The average of Go was found to be 124.28 degrees in the present study, which was similar to the findings of Ennes and Medeiros (6) but to be different from that which was described by other studies (7). It was worthwhile observing that the Go was related to the Ab- Pb width of the mandibular ramus and to the distance between the MF and the borders of the ramus in an inversely proportional relation (Table/Fig 3), as was also found in some other studies (6),(12). This meant that in individuals with a wide Go, it was possible to accomplish the IA nerve blockage with a puncture lower than the conventional one with short needles. In individuals with a smaller Go, it was possible to accomplish the IA nerve blockage with a puncture which was higher than the conventional one, with a lower probability of success with the use of short needles.
The lingula of the mandible is a sharp, tongue-shaped, bony projection on the medial aspect of the ramus. It is an important landmark on the medial side of the ramus as it is in close proximity to the MF. Hence, both the MF and the lingula are of clinical significance for the orodental surgeons. According to a study which was conducted on 165 mandibles, triangular lingulae were found in 226 sides, truncated ones were found in 52, nodular ones were found in 36 and assimilated ones in 16 sides (13). Another study revealed that truncated lingulae were most commonly found (47%), which was followed by the nodular (23%), triangular (17%) and the assimilated shapes (13%) (14). This study revealed that the nodular variety was the most common one which was found, followed by the truncated, triangular and the assimilated varieties (Table/Fig 7) and (Table/Fig 8).

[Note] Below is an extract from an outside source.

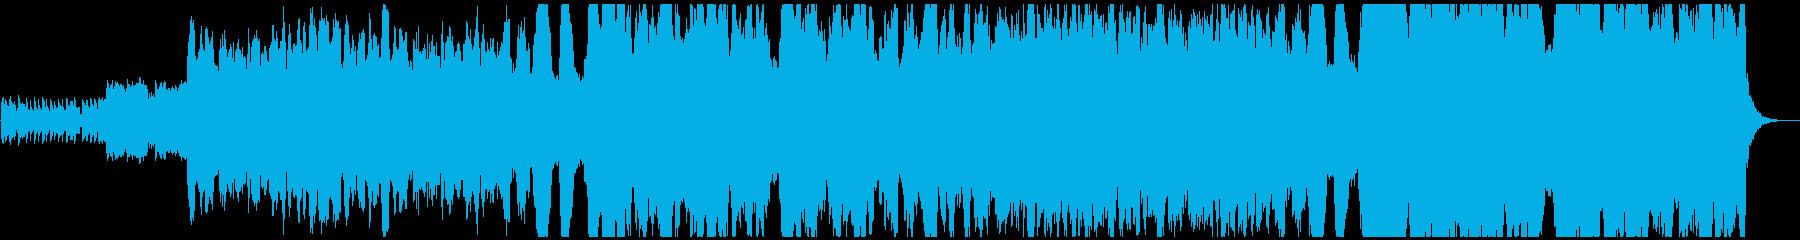 スコットランド民謡グリーンスリーブスの再生済みの波形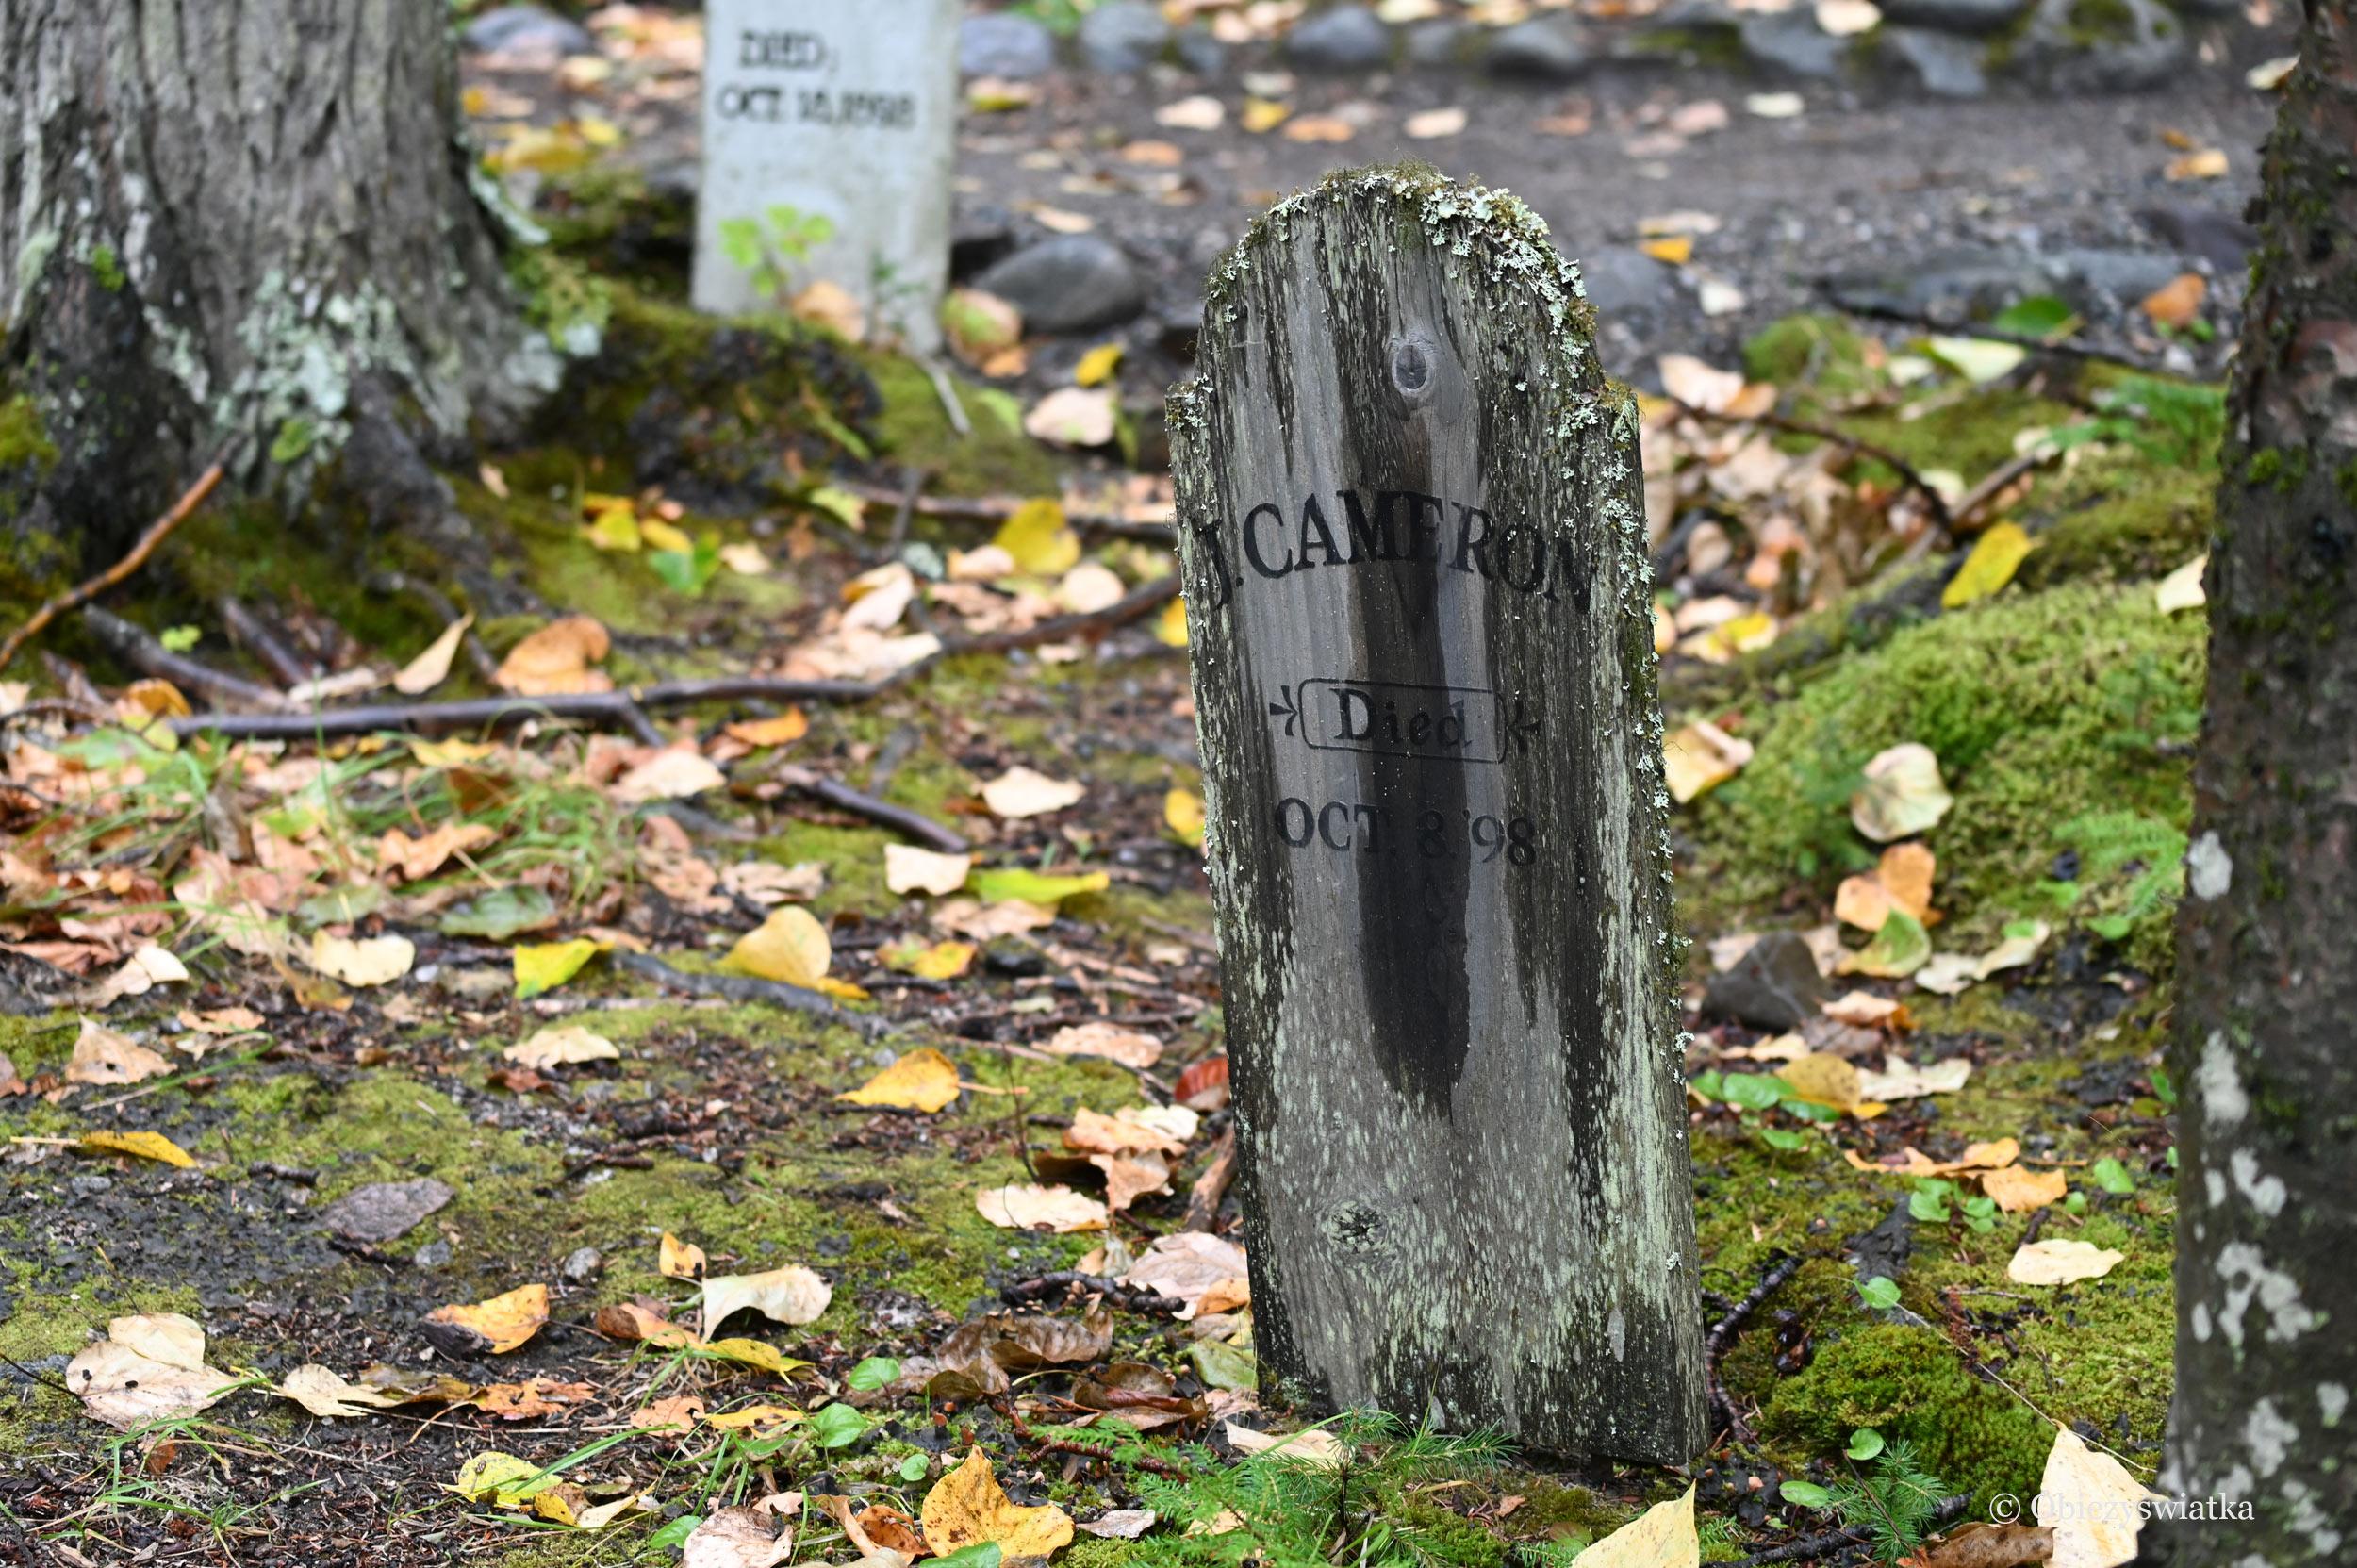 Nagrobki na Cmentarzu Poszukiwaczy Złota na Alasce, Skagway

Since some investigators (3) have stated that anaesthesia is essential for both the patients and the dentists, quoting that the opinion of the patients about their dentists was strictly based on their experience with local anaesthesia, it was preferred to infiltrate the anaesthetic solution in close proximity to the MF in the IA nerve block. Despite the great variation of the MF, it should be kept in mind that it is located in the third quadrant of the ramus antero-posteriorly and supero-inferiorly. It is also preferable to locate the MF by a CT scan prior to any surgical approach to the ramus, to prevent inadvertent injury to the IA nerve.